Data protection is usually based on several layers, the first must be the
security of workstation. In fact, it is useless to encrypt a file 140 times if
the keys are easily accessible
Encryption
Often babble as the "Encryption", encryption is the best known principle even
if it is not always understood. The idea is to transform the data using methods
more or less complex to get "protected" data. This operation must be done in
reverse (decryption) in order to recover the original data. There are so many
techniques because the principle is as old as the world.
Secret Algorithm
Although they have almost completely disappeared, I speak to you as it is a
common temptation when you start to focus on the joys of cryptography.
Basically, even a compression is an encoding and can easily believe that an
encoding by an algorithm that is known only by ourselves is particularly safe.
Unfortunately, the reverse engineering being what it is, this is the wrong
approach. It is always quite simple to find the operations of an algorithm and
therefore to break the security. Do not engage in this kind of adventure, there
is no worse security than an illusory security.
Key encryption
 All modern algorithms now use key ciphers. There are several kinds, grouped
into three families.
1) Symmetric key encryption
In this type of encryption, the same key is used for encoding and decoding
data. There are several (Rijndael, RC2, DES, Triple DES, etc ...) but all are
based on the same principle. To give a trivial example, a symmetric key
encryption can be a doubling of each ASCII code. Two is then the key.
2) Asymmetric key encryption
Much more complex, this encryption uses a pair of public / private key. The
public key is used for encryption and private key for decryption. The best known
of them is the RSA (Rivest, Shamir, ADLEMAN) algorithm.

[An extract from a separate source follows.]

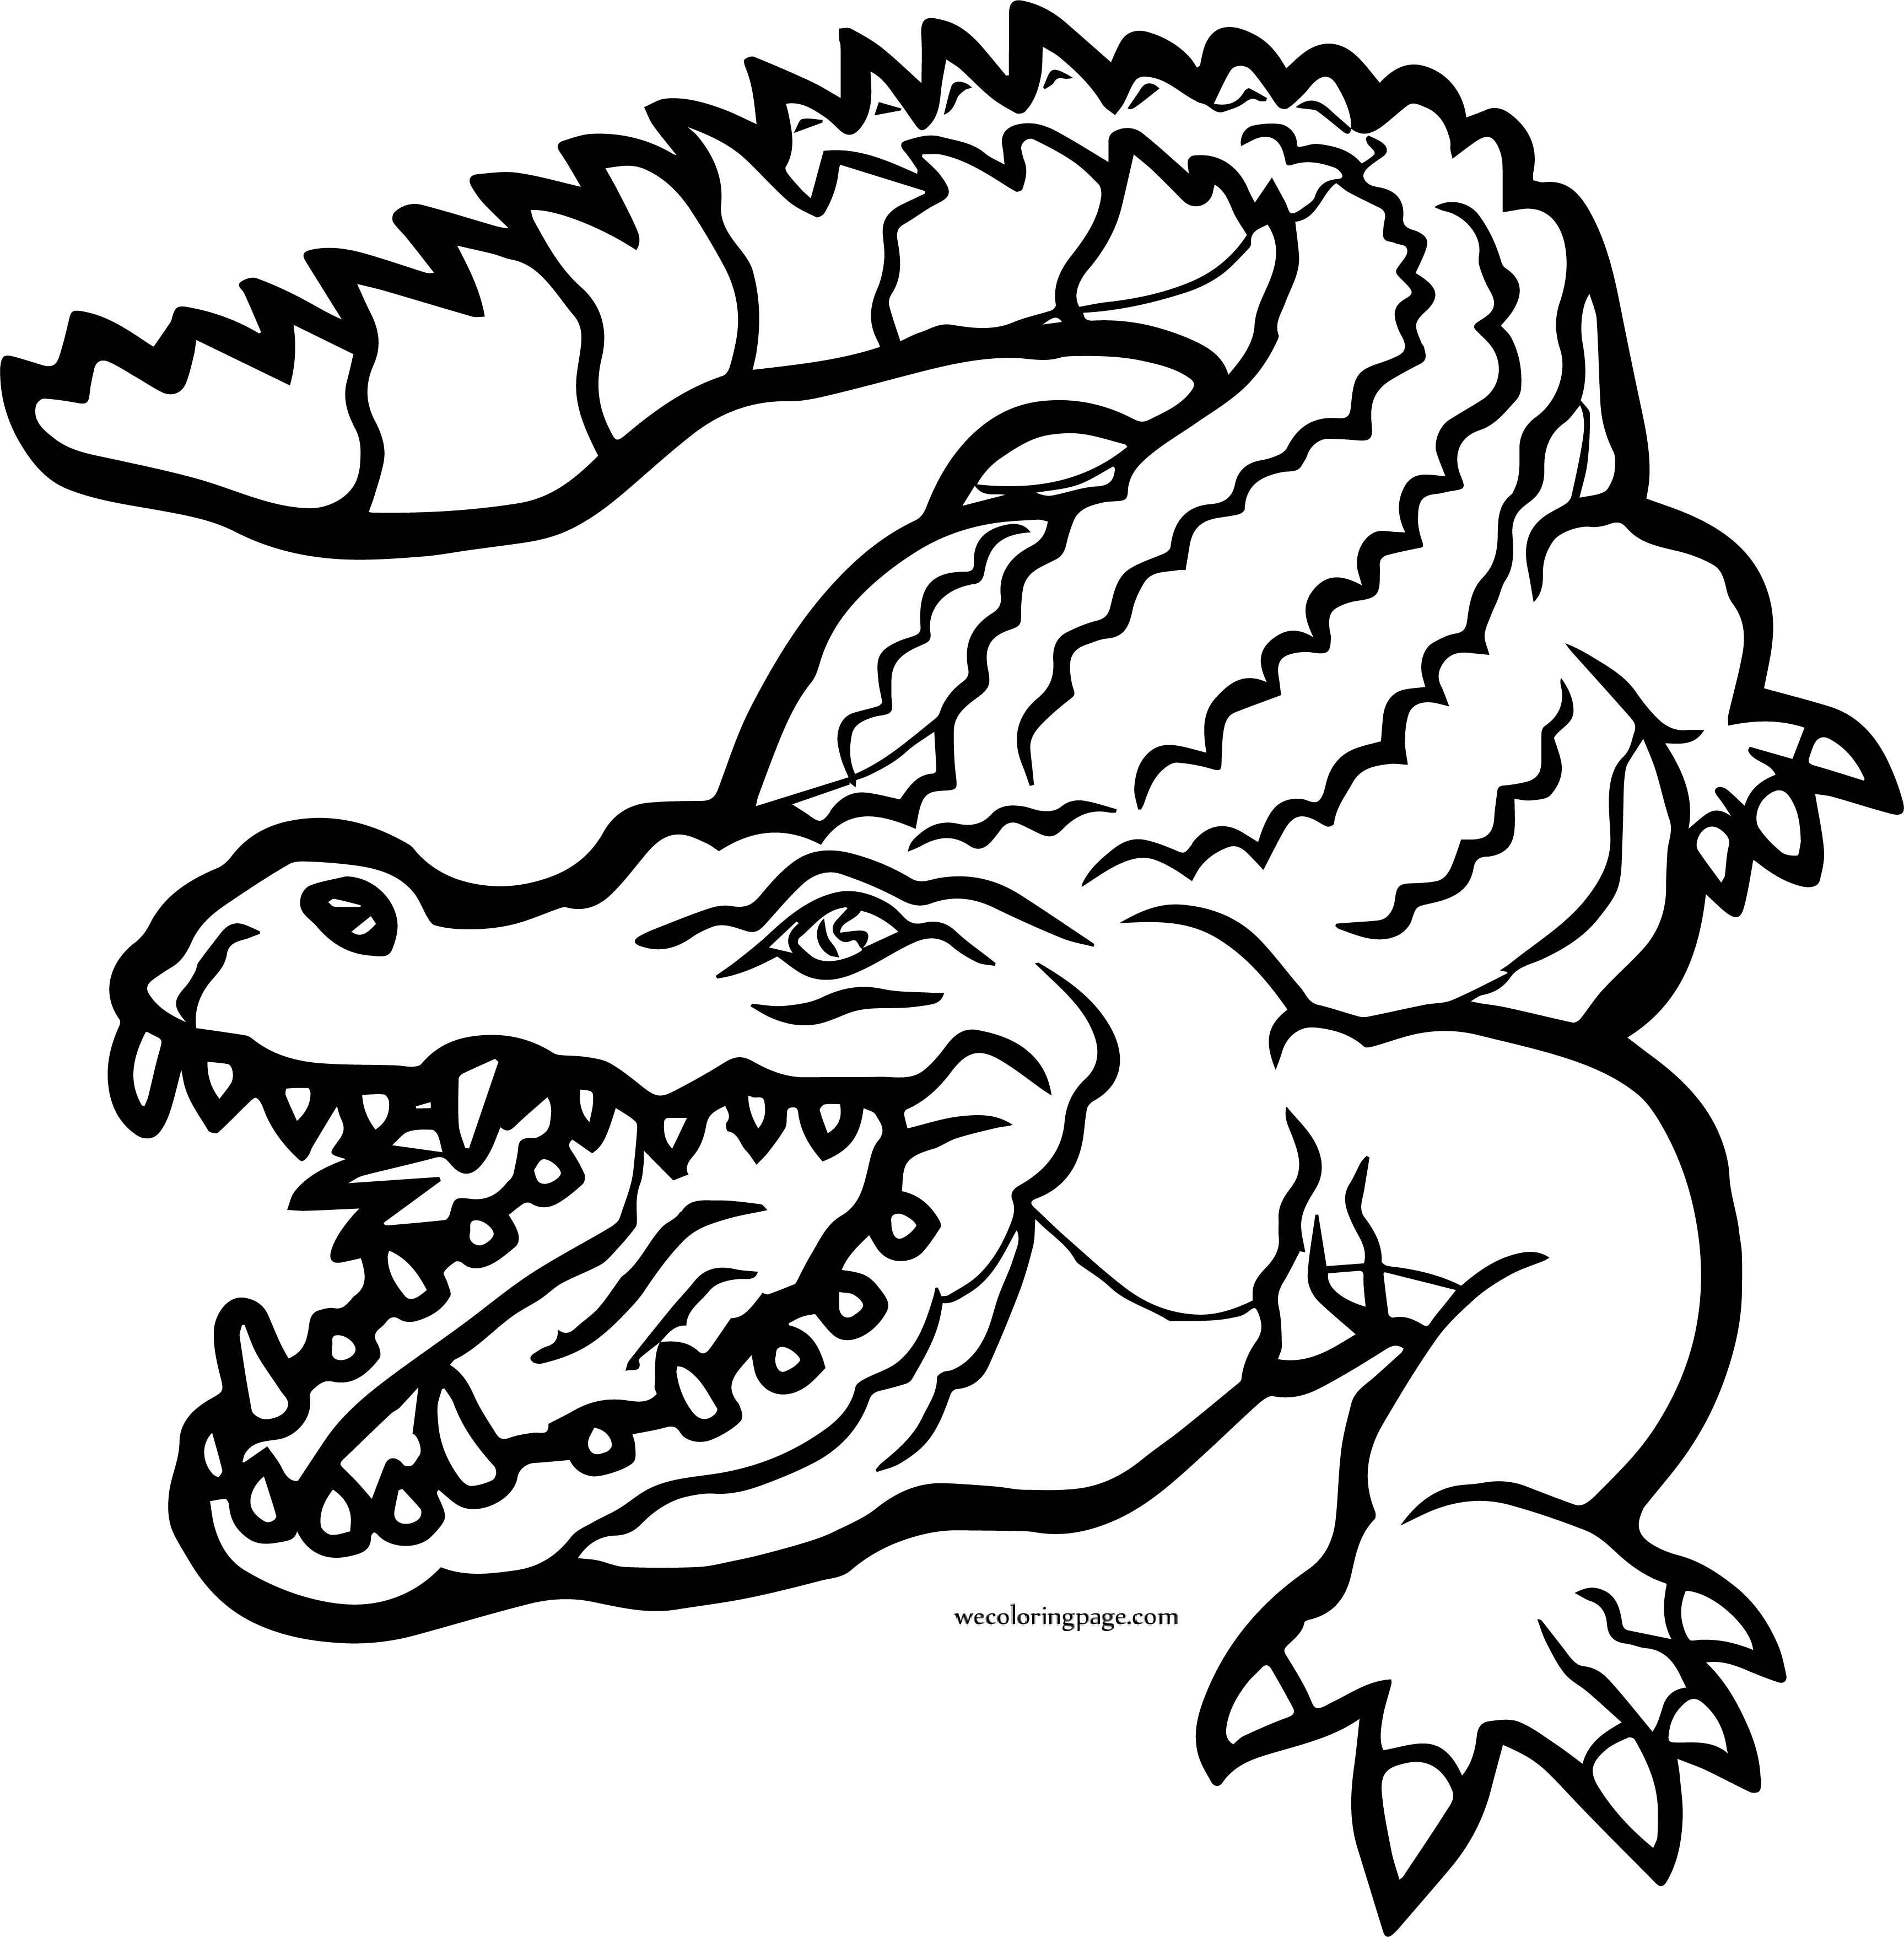 Crocodile Alligator Wild Coloring Page

Ciphers symmetric or asymmetric key is not safer depending on the nature of
the key. This difference is due to problems of key communication. Indeed, in an
approach to encryption for communication, I have at one time or another to
provide the decryption key in the case of a symmetric key. In this case the key
is vulnerable. In the case of asymmetric encryption, I can simply communicate
the public key to those wishing to send me the data, so that they can encrypt
data with this key. I could decipher them using my private key which is not
transmitted. Keep in mind that asymmetric ciphers are heavier and therefore much
longer, they are generally reserved for the treatment of a small amount of data.
3) One-way Cryptographic
This particular family called "hash» does not allow decryption.
Identification
While identification is a vast area, it is an integral part of the world of
computer cryptography. Indeed, identification allows to identify a source of
statistical data or not as safe without having to decrypt it beforehand.

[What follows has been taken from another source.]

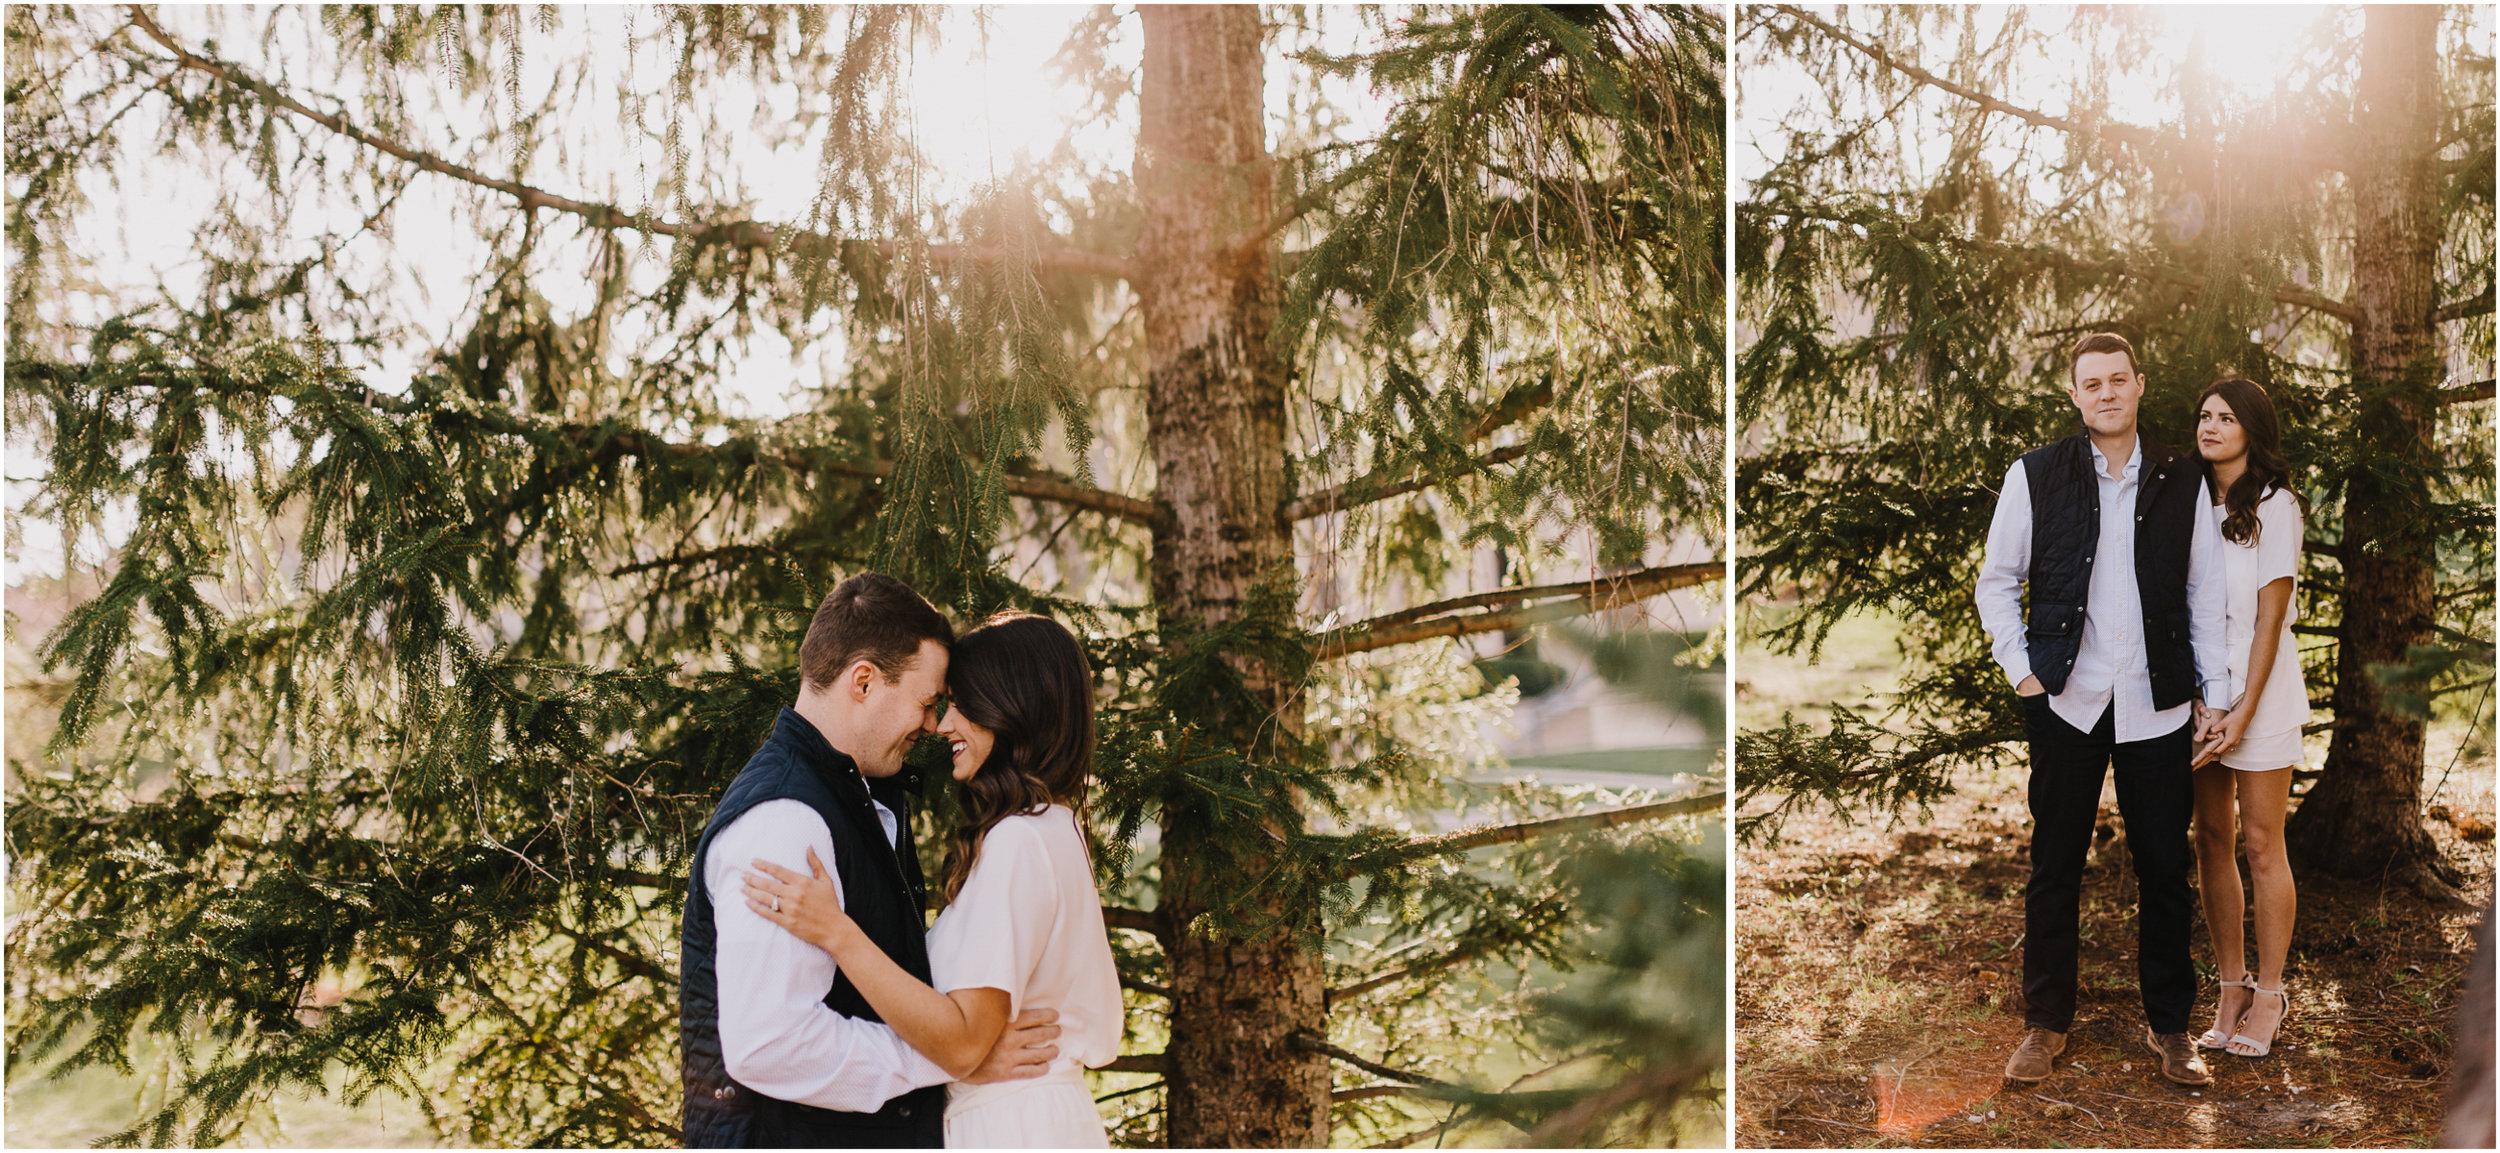 alyssa barletter photography unity village missouri spring engagement session photographer-2.jpg

Furthermore identification must be used to reduce luring attacks. Although
generally not sufficient, the basis of identification is usually based on the
hash.
-Hash
 The hash (hash of English) is a one-way cryptographic, that is to say, it is
not theoretically possible to go back to the original value by knowing the hash
value. There are many algorithms (MD5, SHA1, SHA256, ...). In all cases, the
hash gives a resulting chain of known length called hashing size. The value of
the hash is obviously to make the identification or data integrity control. It
can also be used for purposes of comparison. It is much safer to make a
comparison of hash values than of their counterparts in clear.
-Limitations of hash
Although very reliable, hashing has limits. The first of these limits is a
proper use, because it is quite easy to recognize a hash value and it can be
pretty easy to guess what was hatched. Therefore, the lure becomes possible.
The
second danger is to store critical values chopped too easily accessible. So if
you chop passwords and you leave the values available, you make your passwords
vulnerable to an attack by dictionary or by brute force.
-Hash with a key
To avoid the possibility of corruption of the hash, a hash is generally used
with a key, that is to say, we added a secret value to the chopping value making
it theoretically impossible to hoax.
Key generation
 This is the pivot of cryptography, without good key, no valid cryptographic.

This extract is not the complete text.